PCCW Chairman Not Quite a Stanford Grad
Pacific Century CyberWorks' Richard Li says he never graduated, and blames clerical errors at his company for promoting a falsehood. By Joanne Lee-Young
HONG KONG – The image-makers for Pacific Century CyberWorks liked to brag that Chairman Richard Li was a Stanford grad. It turns out, however, that tales of his graduation were slightly exaggerated.
Thursday's International Herald Tribune reported that Li attended the university in the 1980s, but that, according to university employees, he never received a diploma. Local media began to buzz with headlines like "Phantom Degree."
Amid the media barrage, Li acknowledged that he did not graduate. Blaming the misleading impression on clerical errors in his company's promotional material and on its Web site, he stressed that these "mistakes" did not appear in legal documents.
CyberWorks was once Asia's most promising Internet play. It was wildly popular with retail investors in Hong Kong who saw it as the project of the young son of a tycoon – a son who had all the right stuff: money, connections, and a prestigious Silicon Valley degree in computer engineering. Articles in the New York Times, the Wall Street Journal, the Economist, Forbes, Time and the Standard have all made mention of Li's Stanford degree.
Li told reporters in Tokyo that he "was in a rush to go work at an investment bank so I didn't finish my course." He said that all materials distributed to the general public would be corrected immediately, but hurried to say that "all our documents to the stock exchange, legal institutions and listing companies only said I went to school there, but didn't say I graduated from there."

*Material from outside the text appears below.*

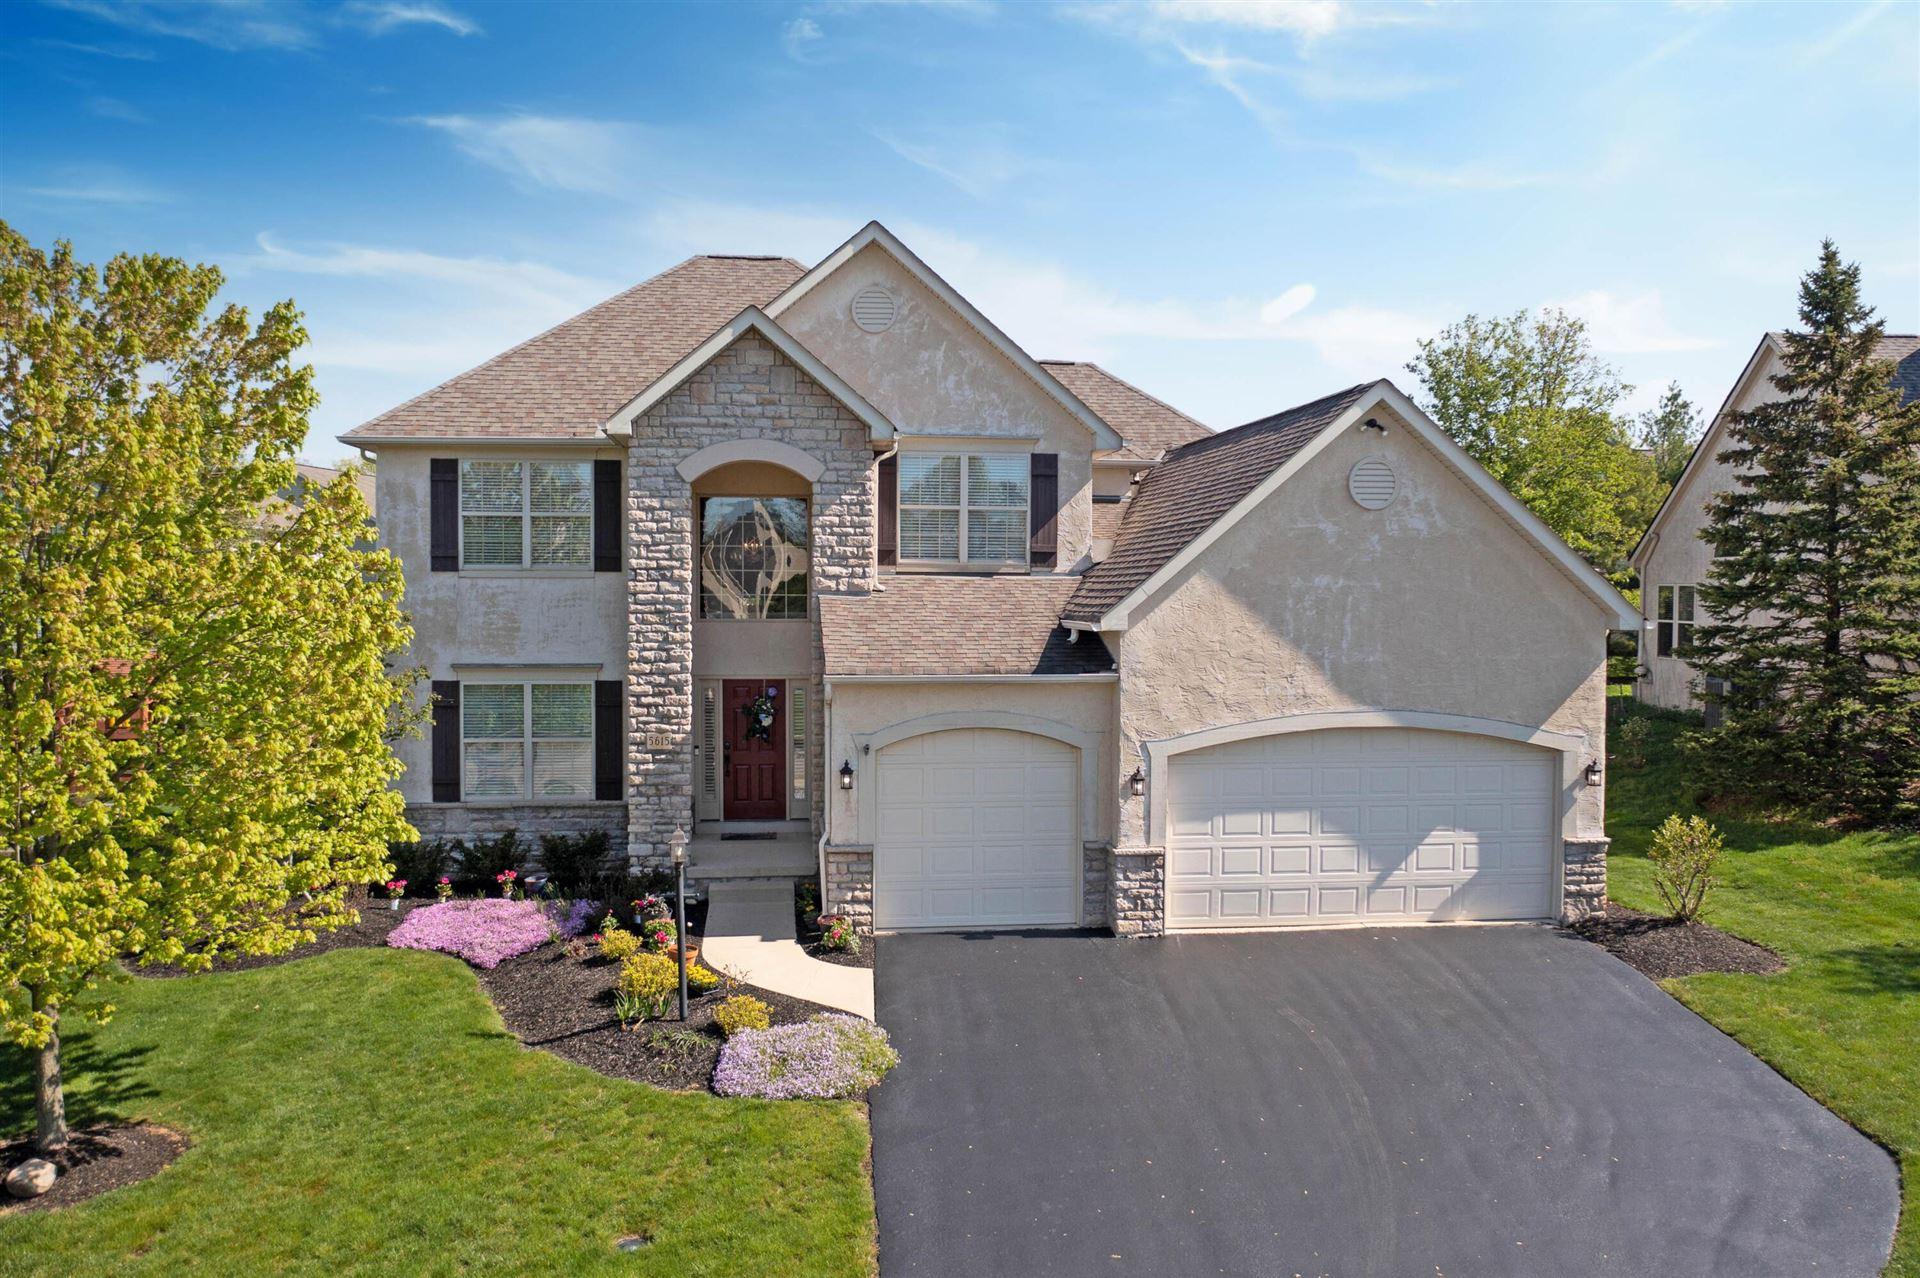 Photo of 5615 Dorshire Drive, Galena, OH 43021 (MLS # 221014146)
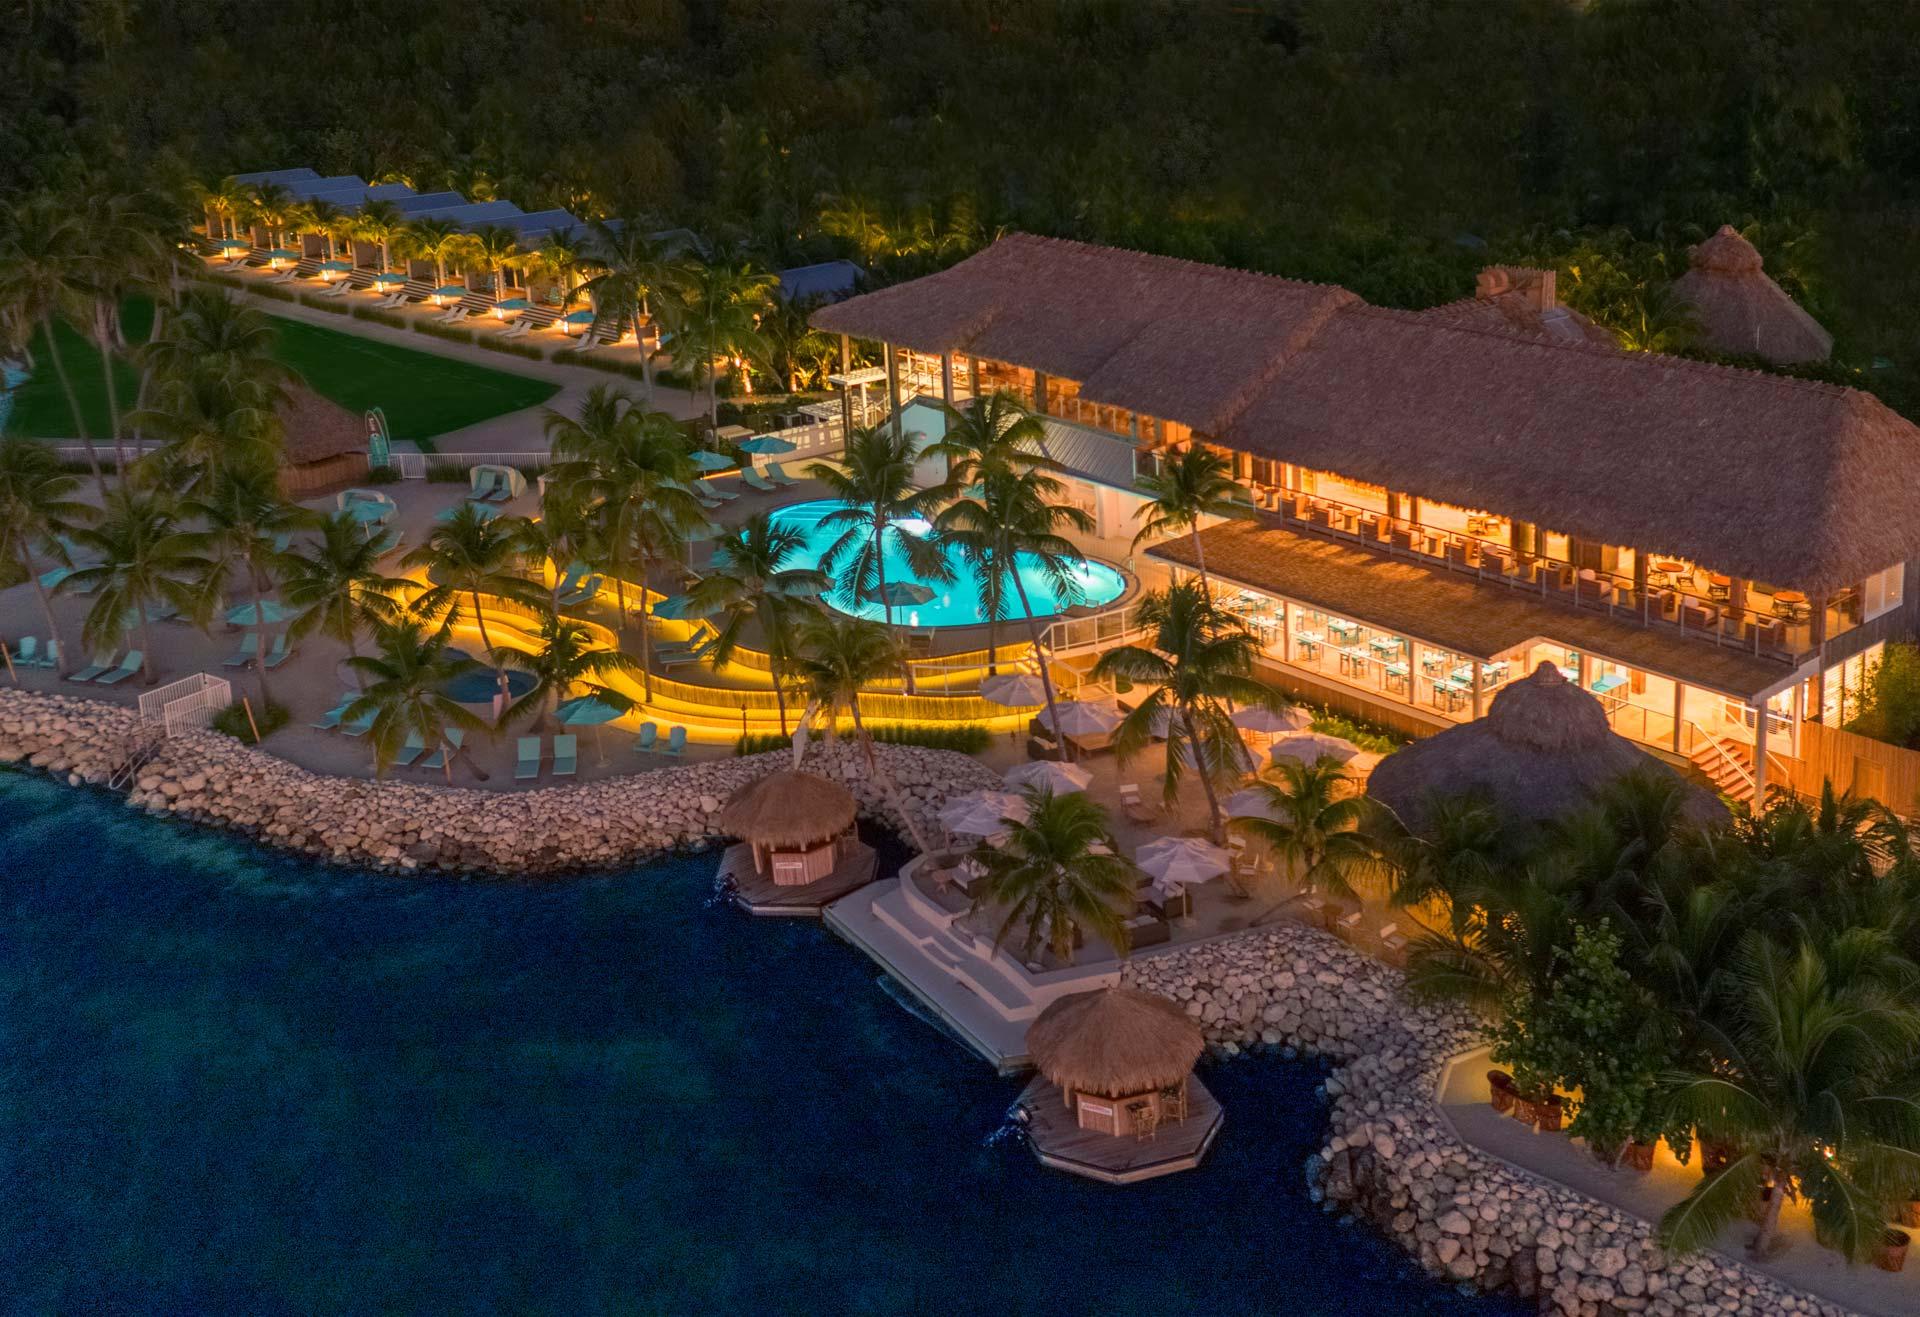 bungalows key largo resort overhead view at night

CyberWorks has tumbled along with the other dot-coms, making Li a high-profile target for both violence and ridicule. At the beginning of this year, bombs damaged phone booths owned by his company. Earlier this month, a publishing company sold nearly 20,000 copies of a 97-page comic book that pokes fun at Li.
The revelation has had little impact on the company's stock price. The stock fell 4 percent to a new 52-week low at 46 cents, but mostly on continued selling pressure from the plan of one of its largest shareholders, the U.K.'s Cable & Wireless, to sell a 7.5 percent stake in the company. The broader Hong Kong market also fell 4 percent.